What is needed —
Each line from the one with "Brossard was a" through the final line of the entries below must be printed exactly, and the pictures must not be.

Saved data entries —
Start of Block
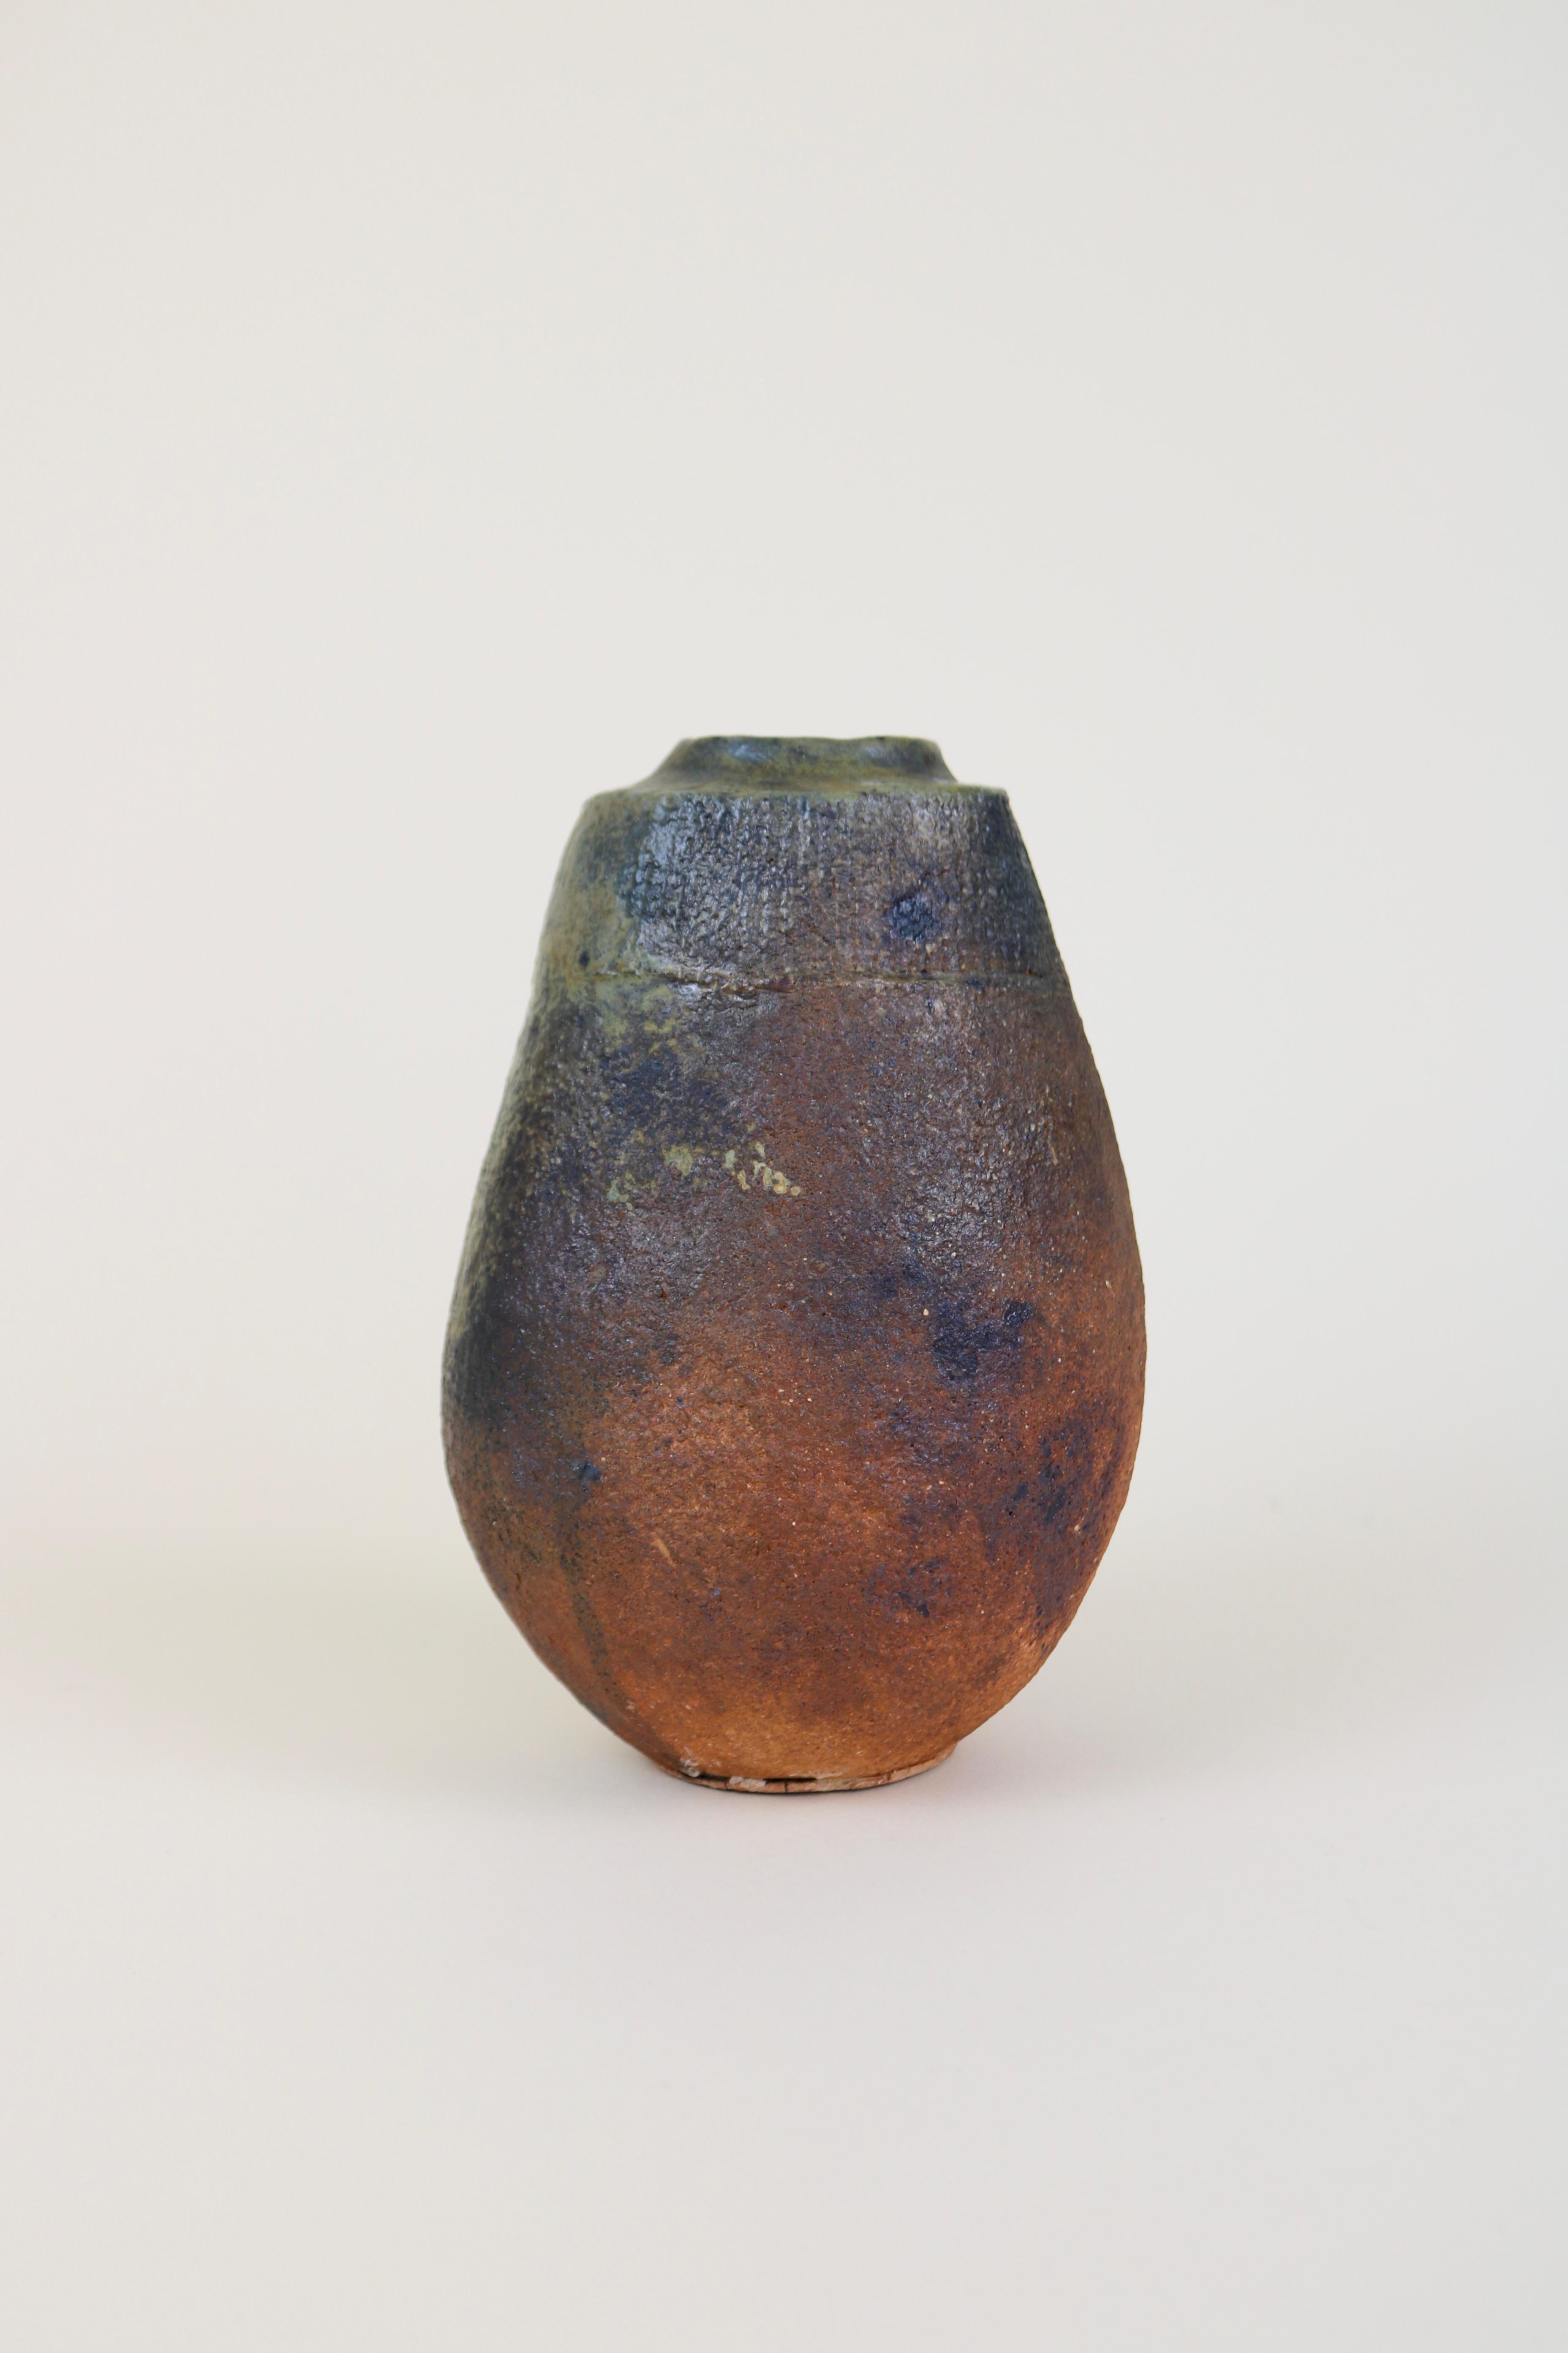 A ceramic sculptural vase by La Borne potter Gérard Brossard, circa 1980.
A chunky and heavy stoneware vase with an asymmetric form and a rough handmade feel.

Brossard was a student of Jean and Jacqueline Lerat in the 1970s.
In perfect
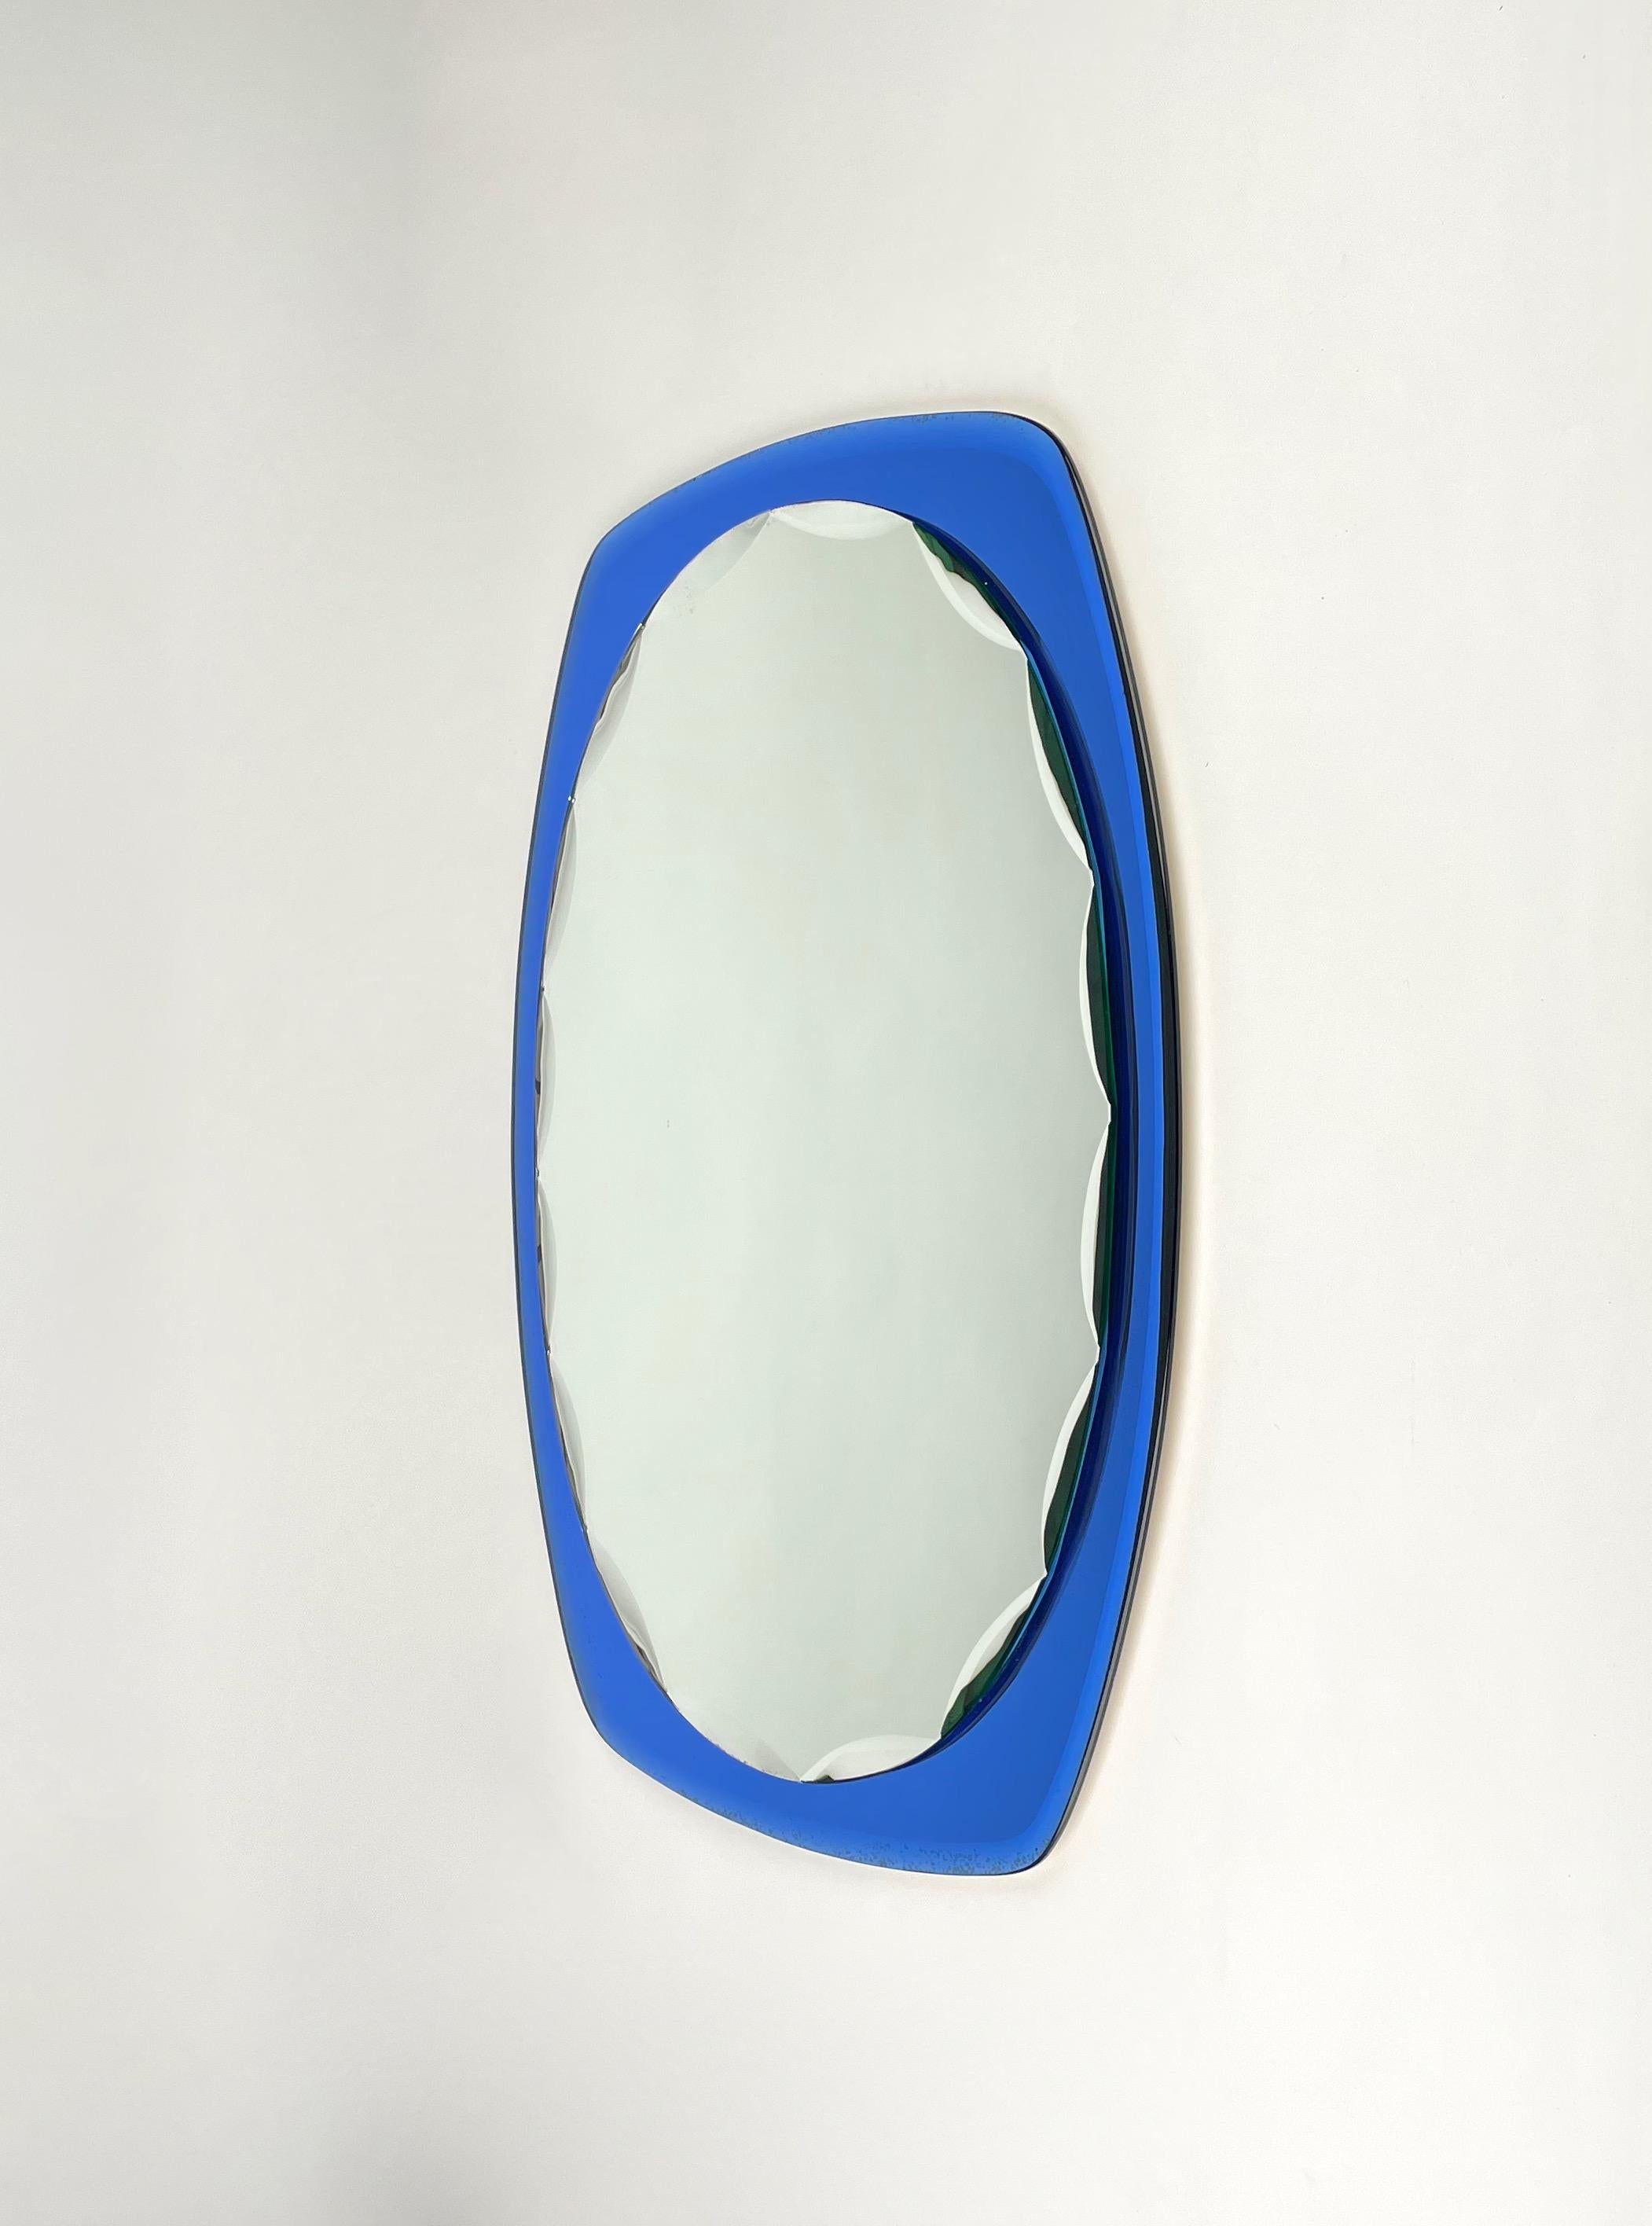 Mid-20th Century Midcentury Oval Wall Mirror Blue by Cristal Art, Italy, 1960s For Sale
End of Block
Written reply —
Brossard was a student of Jean and Jacqueline Lerat in the 1970s.
In perfect
 Mid-20th Century Midcentury Oval Wall Mirror Blue by Cristal Art, Italy, 1960s For Sale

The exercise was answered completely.